Running a build farm on AWS is a perfect fit, the elastic nature of EC2 adapts to spiky nature of the workload (large build demand for new release and potentially quiet between release cycles). Amazon EC2 offers over 400 instance types of different architecture, microarchitecture, and size, and with a choice of operating systems. Being able to closely replicate the end-users’ environment makes EC2 the perfect environment for CI/CD, and a fantastic home for a Spack build farm.
AWS ParallelCluster loves Spack
Fast software installs have a particular benefit in ephemeral environments like the cloud. With AWS ParallelCluster, you can create task-appropriate clusters on demand. However, whilst your software stack probably isn’t. Having invested so much time configuring and compiling packages – you’re unlikely to want to start from scratch with a new cluster. Here Spack is part of an ideal solution – rebuilding a predictable software stack every time. That means you can have a post-install script in ParallelCluster’s configuration install your favorite packages in a small number of minutes after the head node is created.
Installing WRF with the Spack Binary Cache
To demonstrate the power of using an S3 backed Binary Cache, we will install WRF. WRF is an industry standard numerical weather prediction code. As shown in Figure 1, WRF has a complex dependency tree (61 packages), it also takes a long time to compile. For this example, we compare the WRF full stack install times when using the new Spack Binary Cache on three different architectures. This includes all the 61 dependency packages (including the MPI install), to go from nothing to a working install of WRF.
First let’s add the Spack Binary Cache as a mirror and trust the keys:
$ spack mirror add binary_mirror https://binaries.spack.io/develop
$ spack buildcache keys --install --trust
Now, installing WRF is as simple as the following command:
$ spack install wrf
Since we configured the Build Cache mirror, Spack will automatically check it to resolve the package install, so we do not need to specify any extra commands. By default the Spack v0.18 release will reuses existing packages where possible, allowing us some flexibility when matching exact versions.

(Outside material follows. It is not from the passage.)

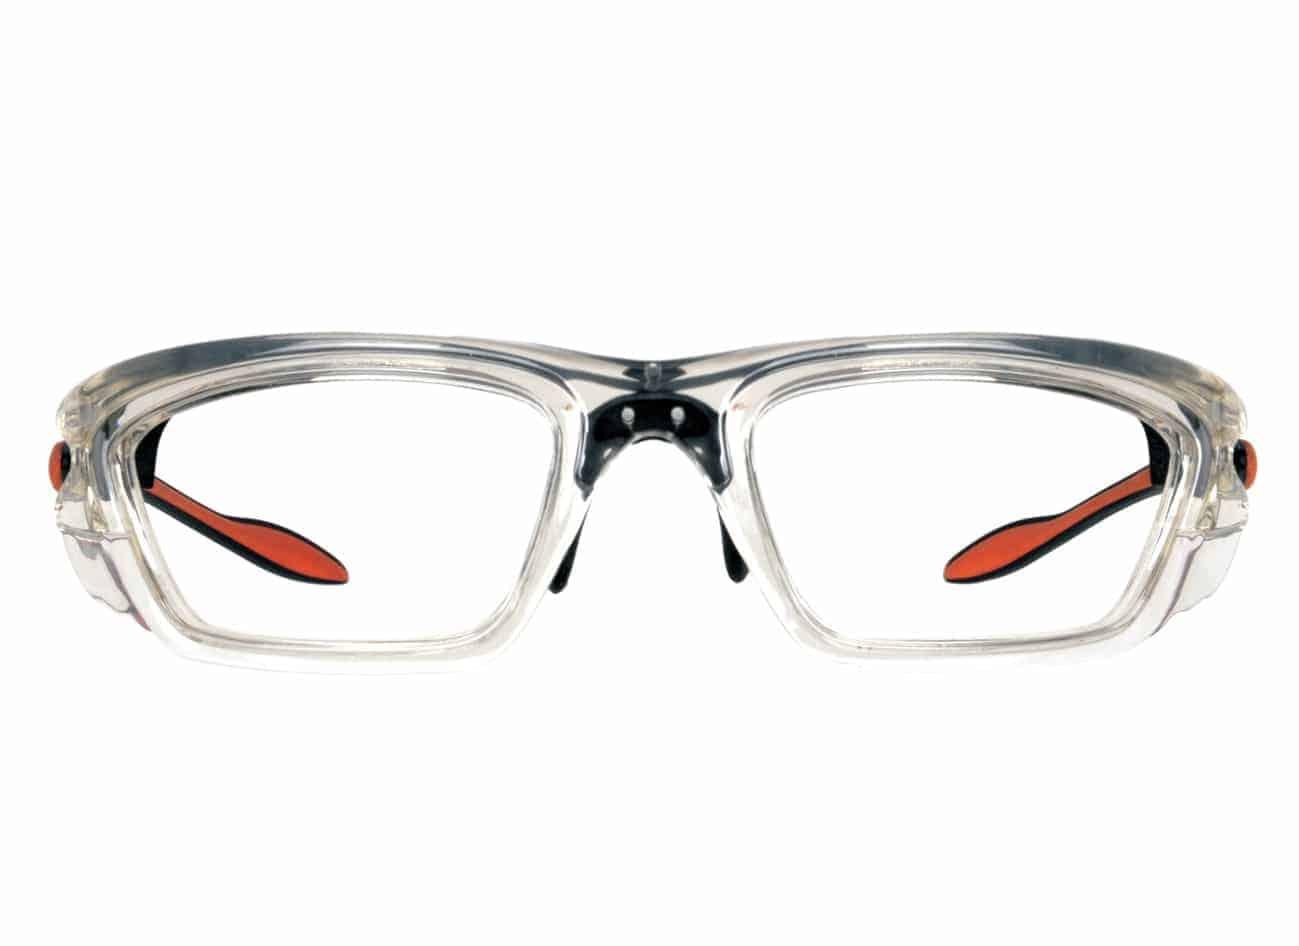 Hudson Optical / H1 Safety Glasses | E-Z Optical

From the timing results in Figure 2 we can see how easy it has been to build a full software stack to support WRF, across the three differ architectures — the Intel-based C5n, AMD-based Hpc6a, and Arm-based Graviton2 C6g instances. We see that due to its size WRF represents a significant portion of this install time, but across all three platforms we are able to build a full working stack in around 20 minutes. This represents a significant usability improvement for researchers.
If you really still want to build from source, you can disable the use of the cache by adding the
--no-cache parameter to the install command.
At AWS we are always looking for ways to remove undifferentiated heavy lifting, which makes supporting the Spack project, and the HPC community a natural fit. We’re glad to have been able to contribute much of the infrastructure for the Spack Binary Cache project, and some expertise along the way.
With the Binary Cache available through Amazon CloudFront, all Spack users (in the cloud or not) will benefit from faster software installation times enabling them to focus on their research. If there’s anything the world has learned from the experience of the last two years – researchers’ time is incredibly valuable, so we need to make them the most productive people on Earth.